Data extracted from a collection
----

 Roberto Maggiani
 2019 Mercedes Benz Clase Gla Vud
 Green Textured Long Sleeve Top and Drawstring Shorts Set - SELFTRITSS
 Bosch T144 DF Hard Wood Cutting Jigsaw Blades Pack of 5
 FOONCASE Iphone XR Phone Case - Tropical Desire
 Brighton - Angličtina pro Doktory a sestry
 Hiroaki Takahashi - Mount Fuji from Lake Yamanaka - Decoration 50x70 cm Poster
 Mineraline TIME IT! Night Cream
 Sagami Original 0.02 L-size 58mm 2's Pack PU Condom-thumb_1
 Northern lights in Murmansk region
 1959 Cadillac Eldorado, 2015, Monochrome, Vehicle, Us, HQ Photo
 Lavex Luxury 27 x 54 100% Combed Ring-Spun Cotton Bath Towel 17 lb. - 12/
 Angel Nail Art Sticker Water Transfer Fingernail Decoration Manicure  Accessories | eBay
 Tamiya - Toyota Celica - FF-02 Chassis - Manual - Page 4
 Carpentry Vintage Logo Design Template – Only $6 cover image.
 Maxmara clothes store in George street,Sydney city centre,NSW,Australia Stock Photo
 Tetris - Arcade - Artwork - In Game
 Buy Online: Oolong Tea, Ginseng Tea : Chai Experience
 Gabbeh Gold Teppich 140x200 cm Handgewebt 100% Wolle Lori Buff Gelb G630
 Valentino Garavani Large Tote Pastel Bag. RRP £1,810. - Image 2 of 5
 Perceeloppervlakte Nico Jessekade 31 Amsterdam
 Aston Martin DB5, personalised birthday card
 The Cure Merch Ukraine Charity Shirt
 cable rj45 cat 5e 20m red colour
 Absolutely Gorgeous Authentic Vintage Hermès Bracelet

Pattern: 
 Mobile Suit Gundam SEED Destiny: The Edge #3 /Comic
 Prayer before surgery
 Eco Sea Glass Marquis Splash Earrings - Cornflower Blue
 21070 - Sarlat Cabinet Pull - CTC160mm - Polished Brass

----

Each record is to be retyped exactly as written.

ANSWER FOR THE TASK =>
 Roberto Maggiani
 2019 Mercedes Benz Clase Gla Vud
 Green Textured Long Sleeve Top and Drawstring Shorts Set - SELFTRITSS
 Bosch T144 DF Hard Wood Cutting Jigsaw Blades Pack of 5
 FOONCASE Iphone XR Phone Case - Tropical Desire
 Brighton - Angličtina pro Doktory a sestry
 Hiroaki Takahashi - Mount Fuji from Lake Yamanaka - Decoration 50x70 cm Poster
 Mineraline TIME IT! Night Cream
 Sagami Original 0.02 L-size 58mm 2's Pack PU Condom-thumb_1
 Northern lights in Murmansk region
 1959 Cadillac Eldorado, 2015, Monochrome, Vehicle, Us, HQ Photo
 Lavex Luxury 27 x 54 100% Combed Ring-Spun Cotton Bath Towel 17 lb. - 12/
 Angel Nail Art Sticker Water Transfer Fingernail Decoration Manicure  Accessories | eBay
 Tamiya - Toyota Celica - FF-02 Chassis - Manual - Page 4
 Carpentry Vintage Logo Design Template – Only $6 cover image.
 Maxmara clothes store in George street,Sydney city centre,NSW,Australia Stock Photo
 Tetris - Arcade - Artwork - In Game
 Buy Online: Oolong Tea, Ginseng Tea : Chai Experience
 Gabbeh Gold Teppich 140x200 cm Handgewebt 100% Wolle Lori Buff Gelb G630
 Valentino Garavani Large Tote Pastel Bag. RRP £1,810. - Image 2 of 5
 Perceeloppervlakte Nico Jessekade 31 Amsterdam
 Aston Martin DB5, personalised birthday card
 The Cure Merch Ukraine Charity Shirt
 cable rj45 cat 5e 20m red colour
 Absolutely Gorgeous Authentic Vintage Hermès Bracelet

Pattern: 
 Mobile Suit Gundam SEED Destiny: The Edge #3 /Comic
 Prayer before surgery
 Eco Sea Glass Marquis Splash Earrings - Cornflower Blue
 21070 - Sarlat Cabinet Pull - CTC160mm - Polished Brass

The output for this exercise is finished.